■ **DESCRIPTION OF THE TASK**: Give every line of the material back exactly, images removed.

■ **EXERCISE DATA**:
* * *

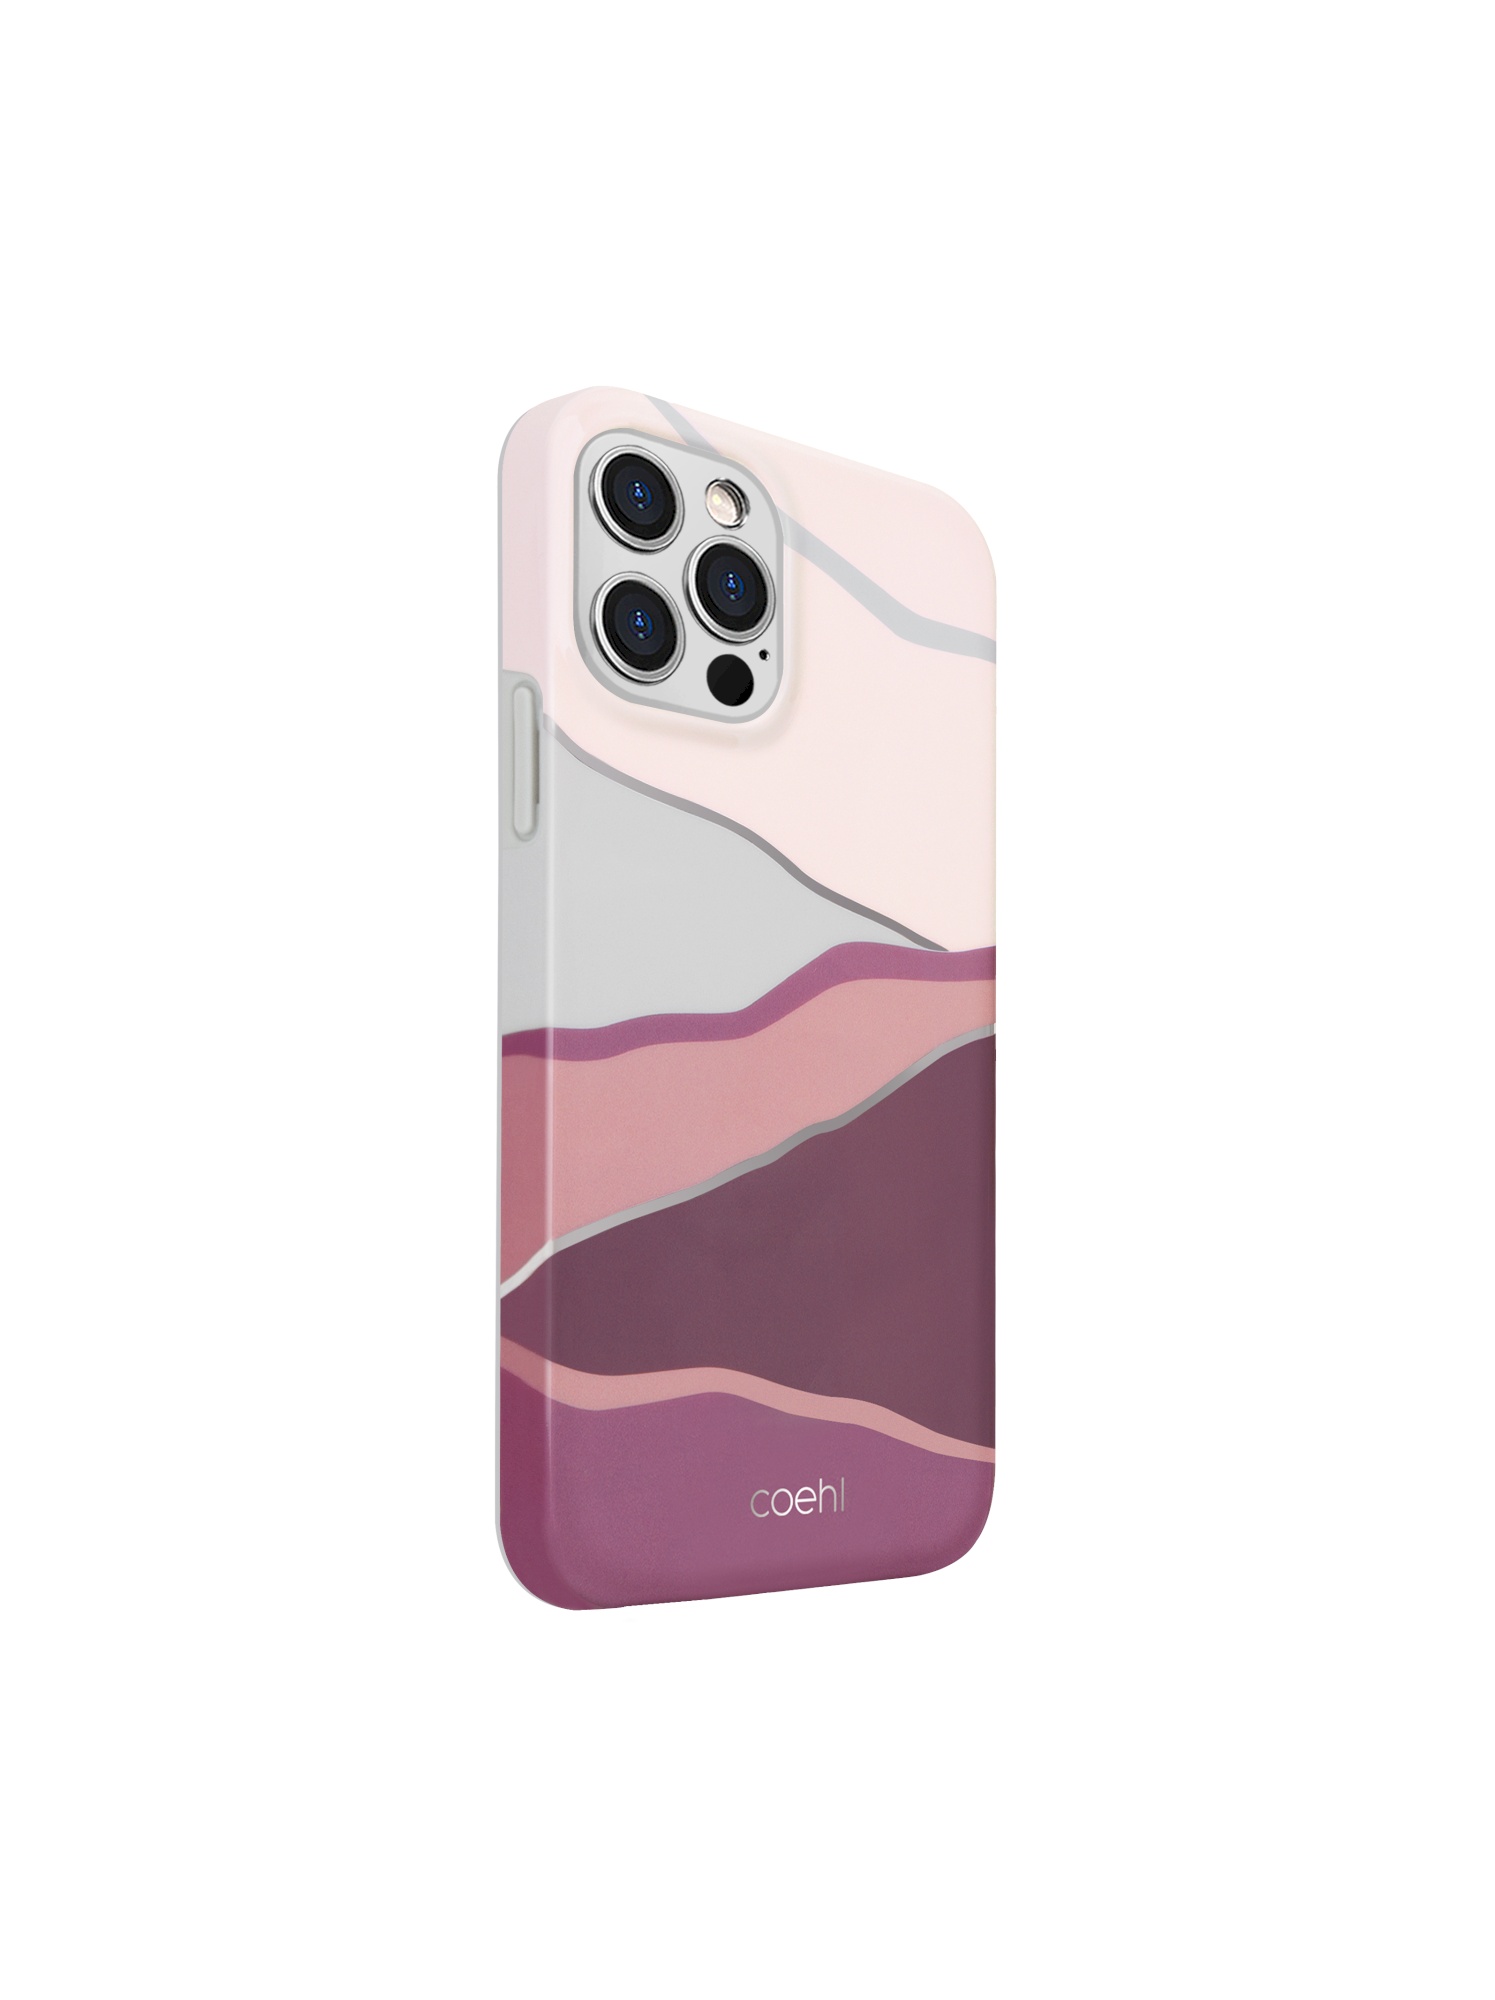 iPhone 12 Pro Max, case coehl ciel sunset pink, pink
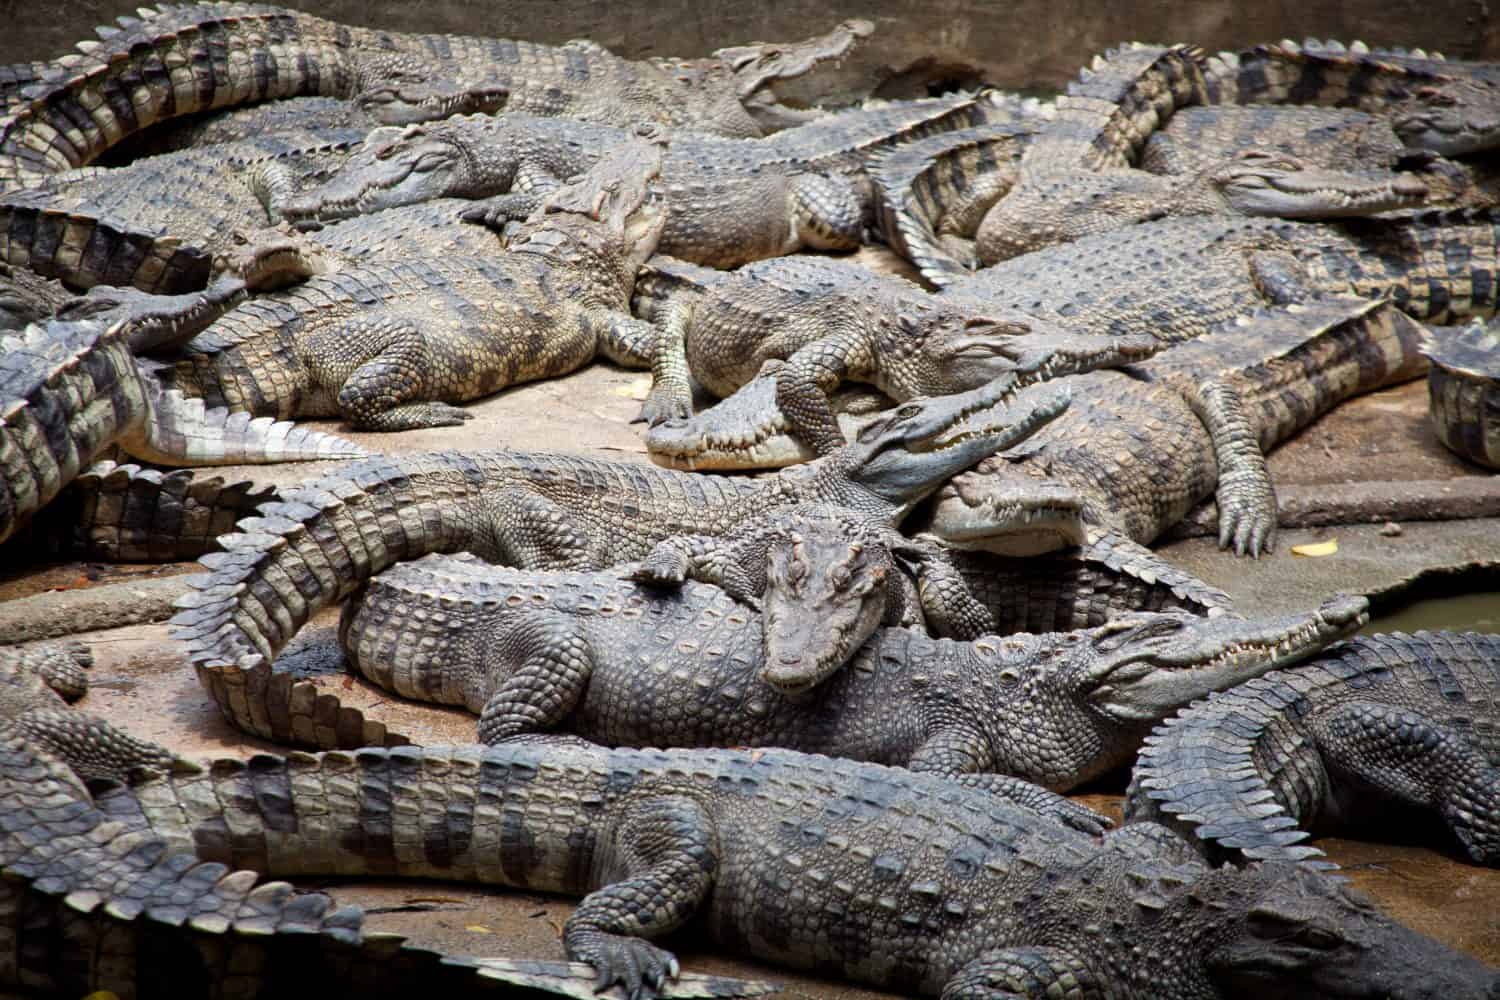 Crocodile, Lots of Crocodiles in Thailand
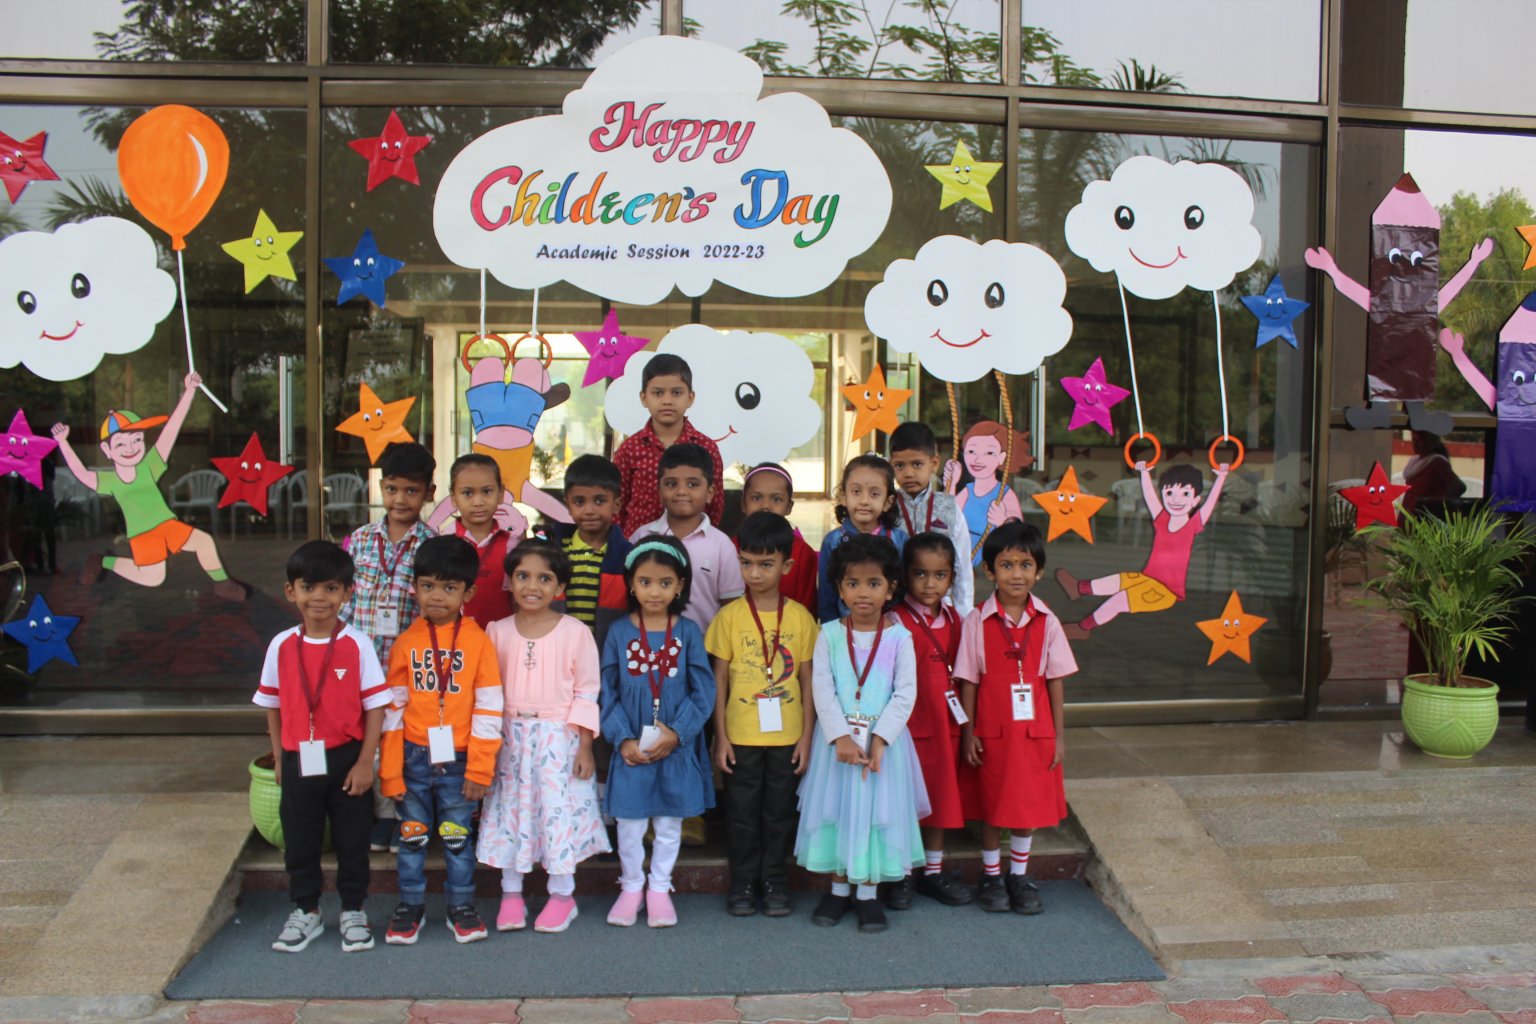 Children's Day Celebration

* * *

■ **ANSWER SPACE**:
 iPhone 12 Pro Max, case coehl ciel sunset pink, pink
 Crocodile, Lots of Crocodiles in Thailand
 Children's Day Celebration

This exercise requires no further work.